# One that got away



## clampman (Oct 20, 2006)

Well here's a tough one that got designed, got mostly built, but never got used.

It's an octagonal window frame that some of you might find interesting. Here is a link to the pictures, with descriptions on how this thing came about. It was too much of a project to try to put up here.

http://www.miterclamp.com/octag_window.htm

I know Tom R. will get a kick out of it. It has Tom written all over it.


regards,
jim


----------



## Big Dave (Sep 16, 2006)

WOW. That is really neat. I can see alot of thought and time went into that.


----------



## Tom R (Oct 11, 2006)

Thanks for that, Jim, - - WOW is right!!, - - great pics and great narrating . . . :thumbsup: 

That's not only awesome as all hell, - - it's out-'n-out INSPIRING . . . :notworthy:

What did you mean about the 'overseas' part?? Maybe I missed something . . .

I have a project, - - kind of an invention (not quite as elaborate as that one, though) that I'd like you to check out, - - but I'm '7-days-a-week' busy right now for at least the next several months, - - so it might have to be a while 'til I can find some time to dig it out (I _think _it's in my attic) and get some pics 'n all.

This 'project-invention' is from over 20 years ago, - - and there's still 'no-such-thing' (as far as I know).

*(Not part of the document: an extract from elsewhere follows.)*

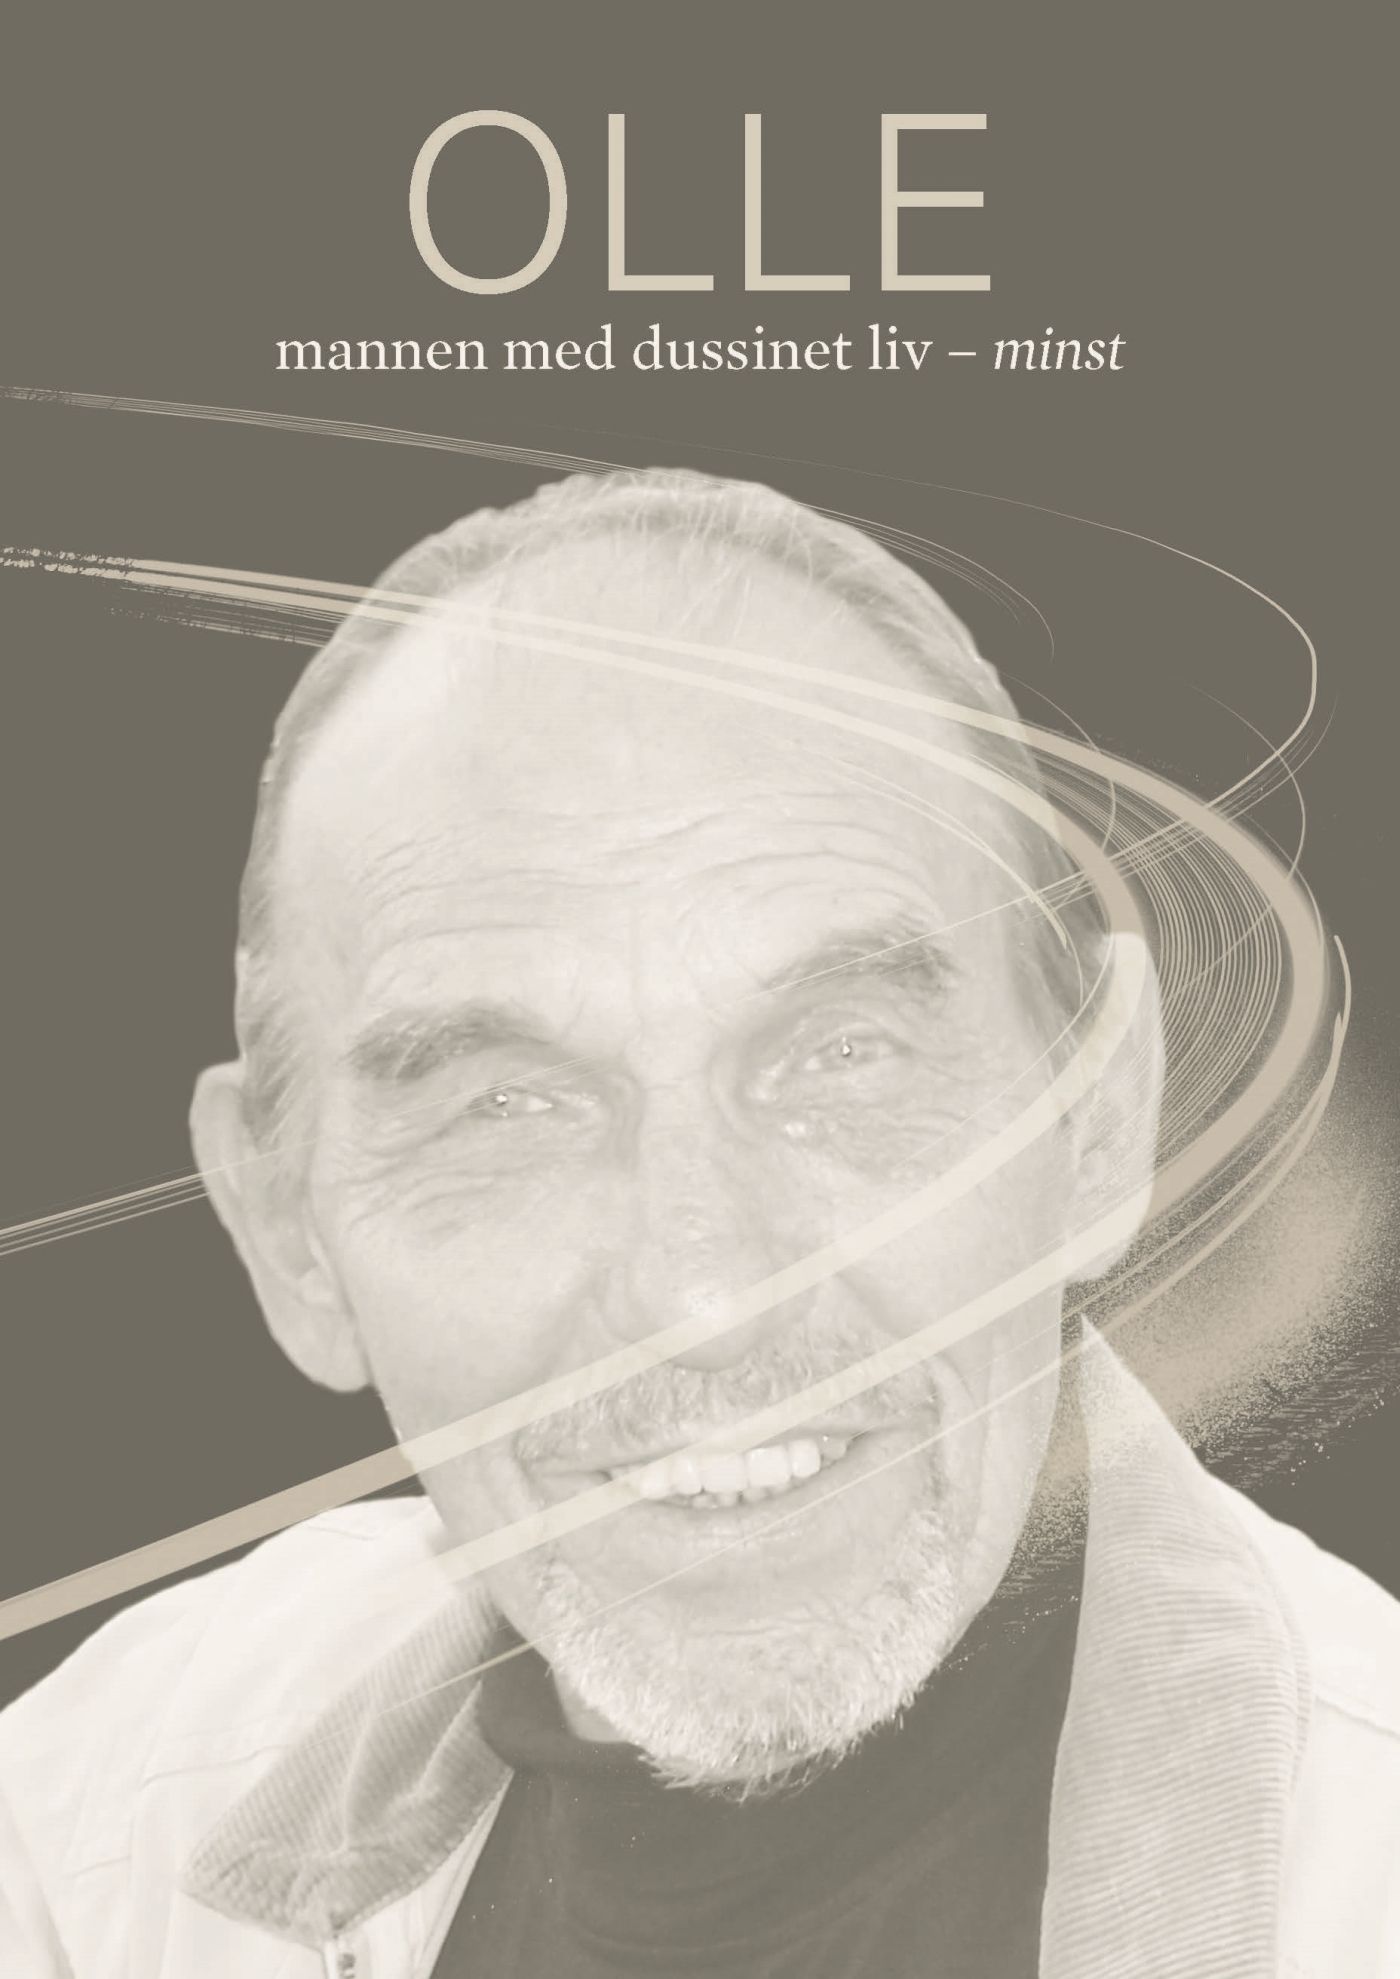 Olle, mannen med dussinet liv - minst., e-bok av Barbro Robertsson Strand

Good or bad, - - I think you'd find it interesting.


----------



## steg32168 (Oct 30, 2006)

Very, Very Awesome and very innovative!! Must have took some head scratchin' , but GREAT job!!!!!!!!

Dave 
steg32168


----------



## JMIC (Oct 31, 2006)

Clamp,
Thats one Bad Azz window. You ought to put into production or sell it to one of the big window companies.:thumbsup:


----------



## TexasTimbers (Oct 17, 2006)

Clampman ya still with us? Trying to trigger an email notification to you so you will check in and tell us what you been up to lately? :smile:


----------



## clampman (Oct 20, 2006)

Yup, still here. Haven't seen anything posted lately that I know anything about. But I still check. What ever happened to Tom R? I sent him a message a while back but never heard anything.

Regards,
Jimc


----------



## TexasTimbers (Oct 17, 2006)

clampman said:


> . . . .Haven't seen anything posted lately that I know anything about. . . ..

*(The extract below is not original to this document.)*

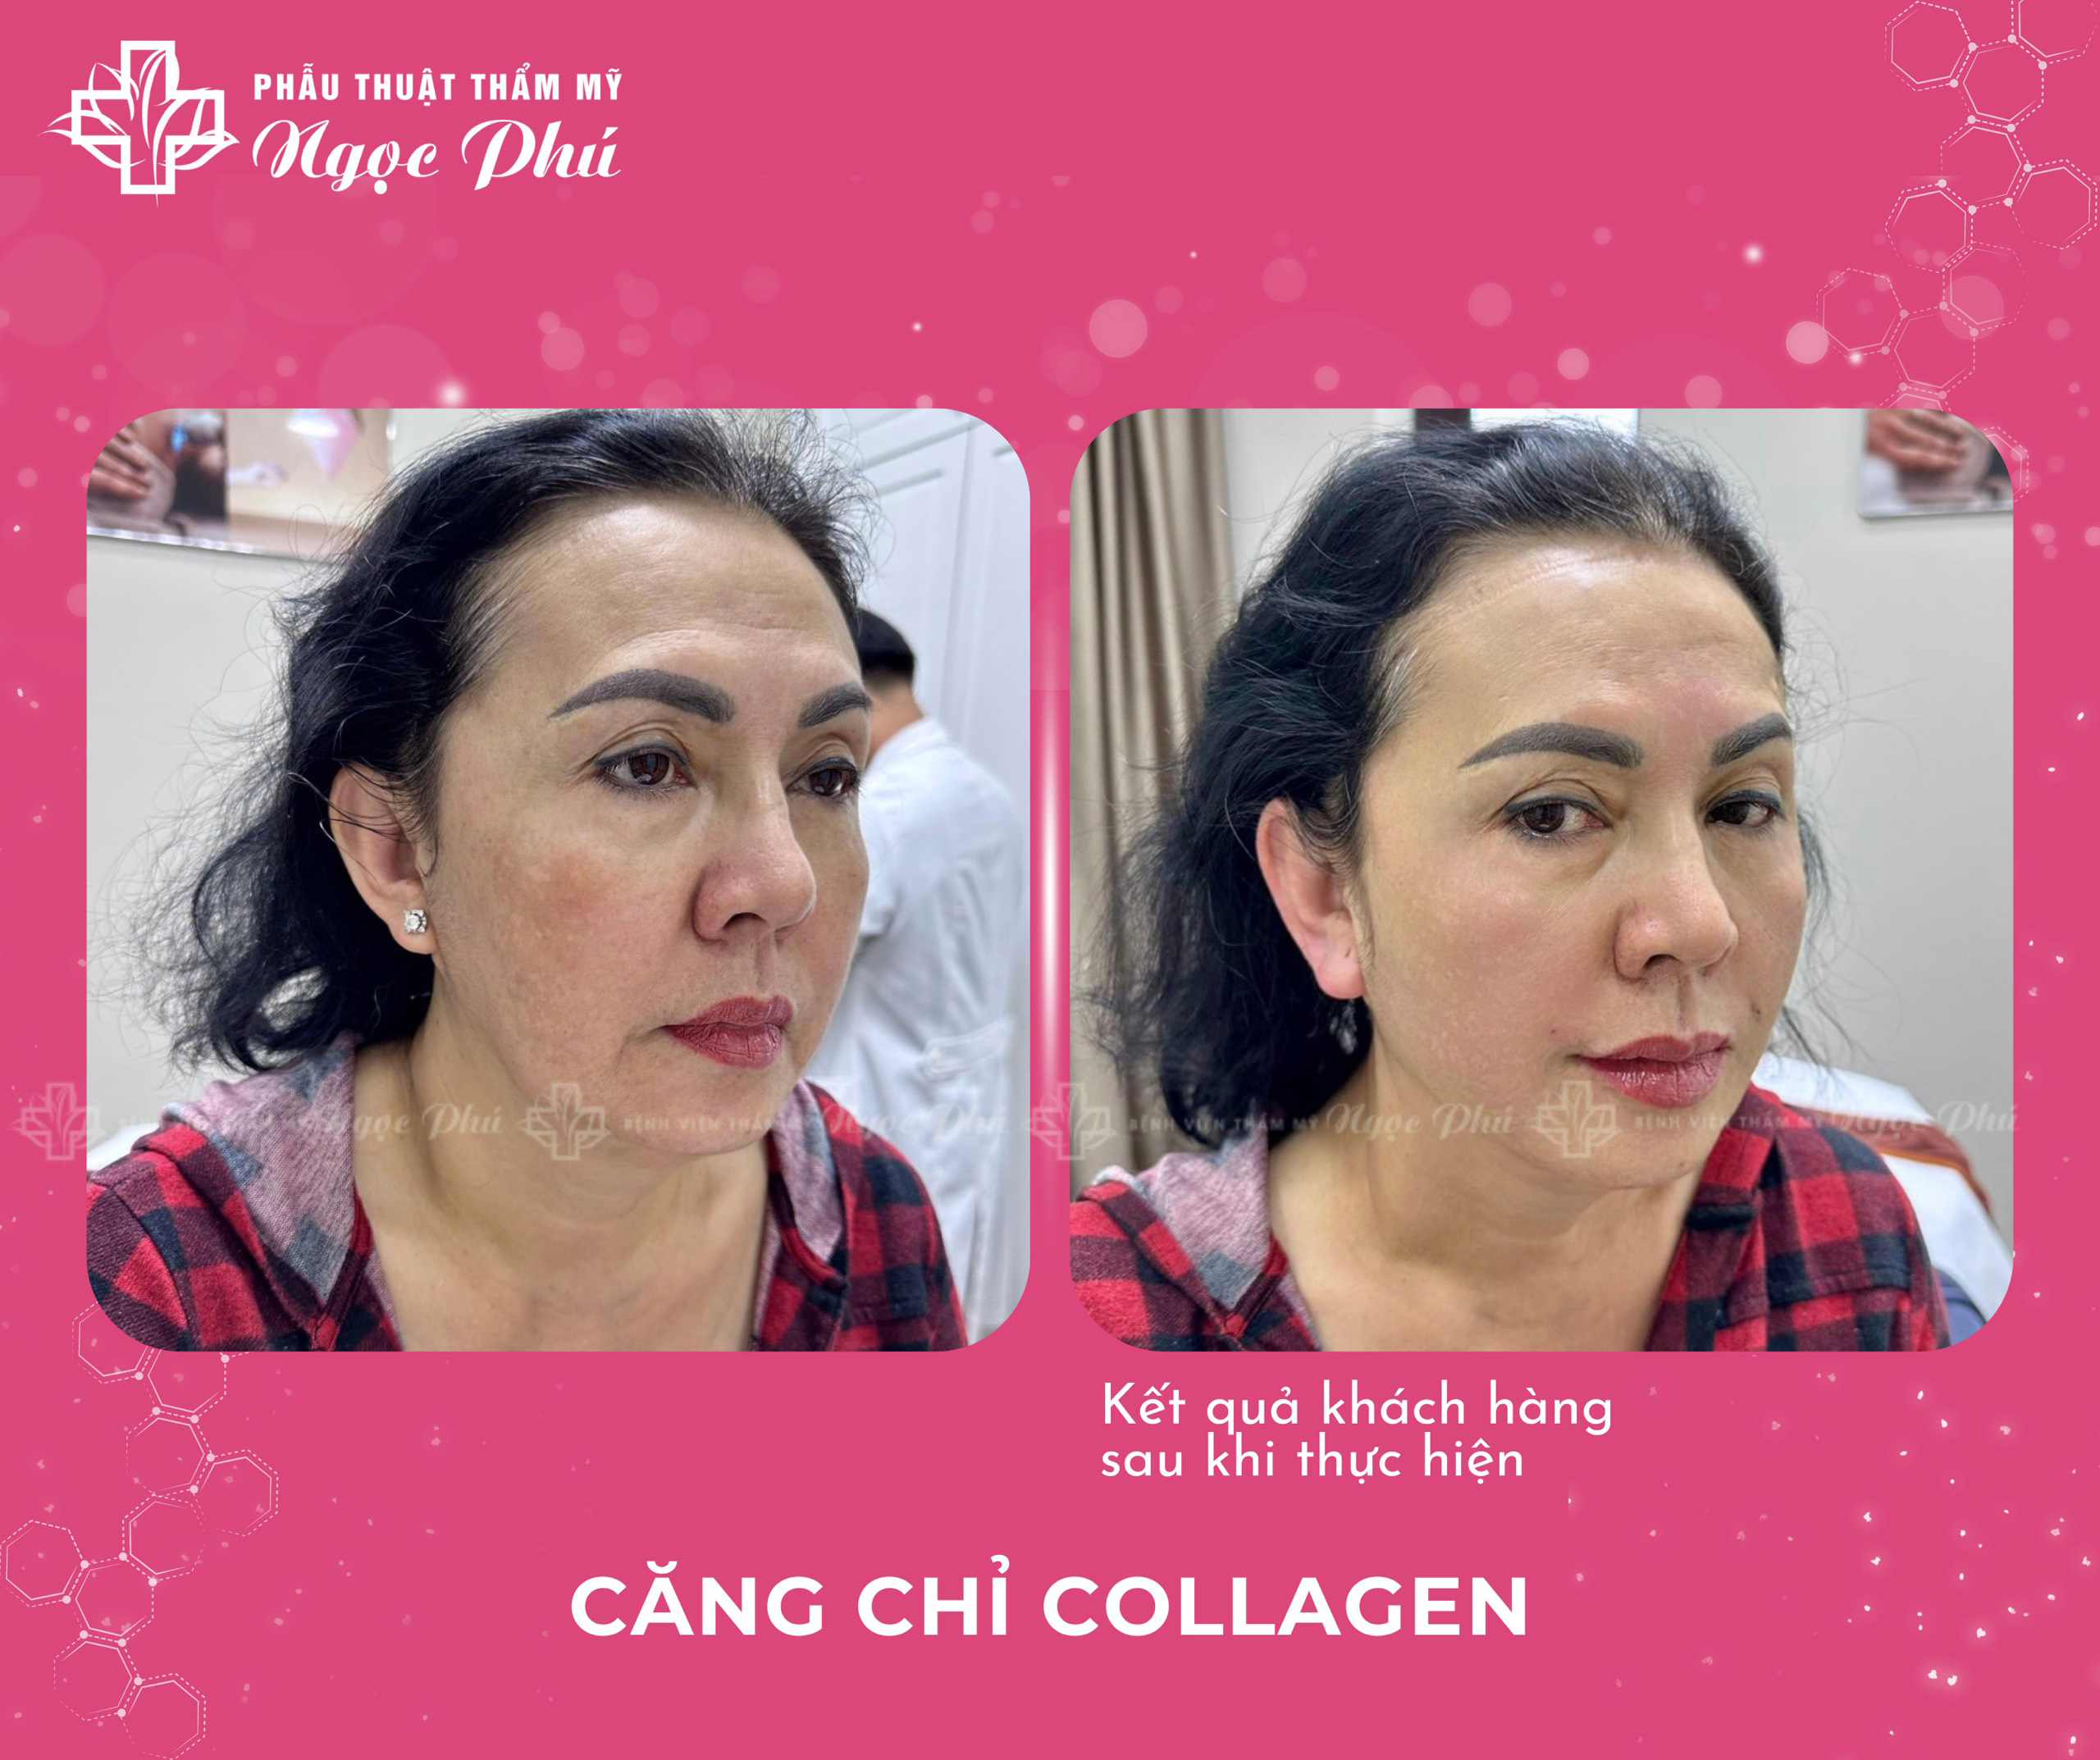 Thẩm mỹ Ngọc Phú được xem là địa chỉ căng da mặt bằng chỉ collagen uy tín, chất lượng tại TP Hồ Chí Minh

We never let that stop us from answering a question. :blink: 



clampman said:


> . . . . What ever happened to Tom R? I sent him a message a while back but never heard anything.


Couldn't say. He was active less than a month and hasn't checked in since November of last year. 
Try digging up an old post he was a part of and respond to it like I did with you. If he has email notification it usually brings members back out of the, ahem, woodwork.


----------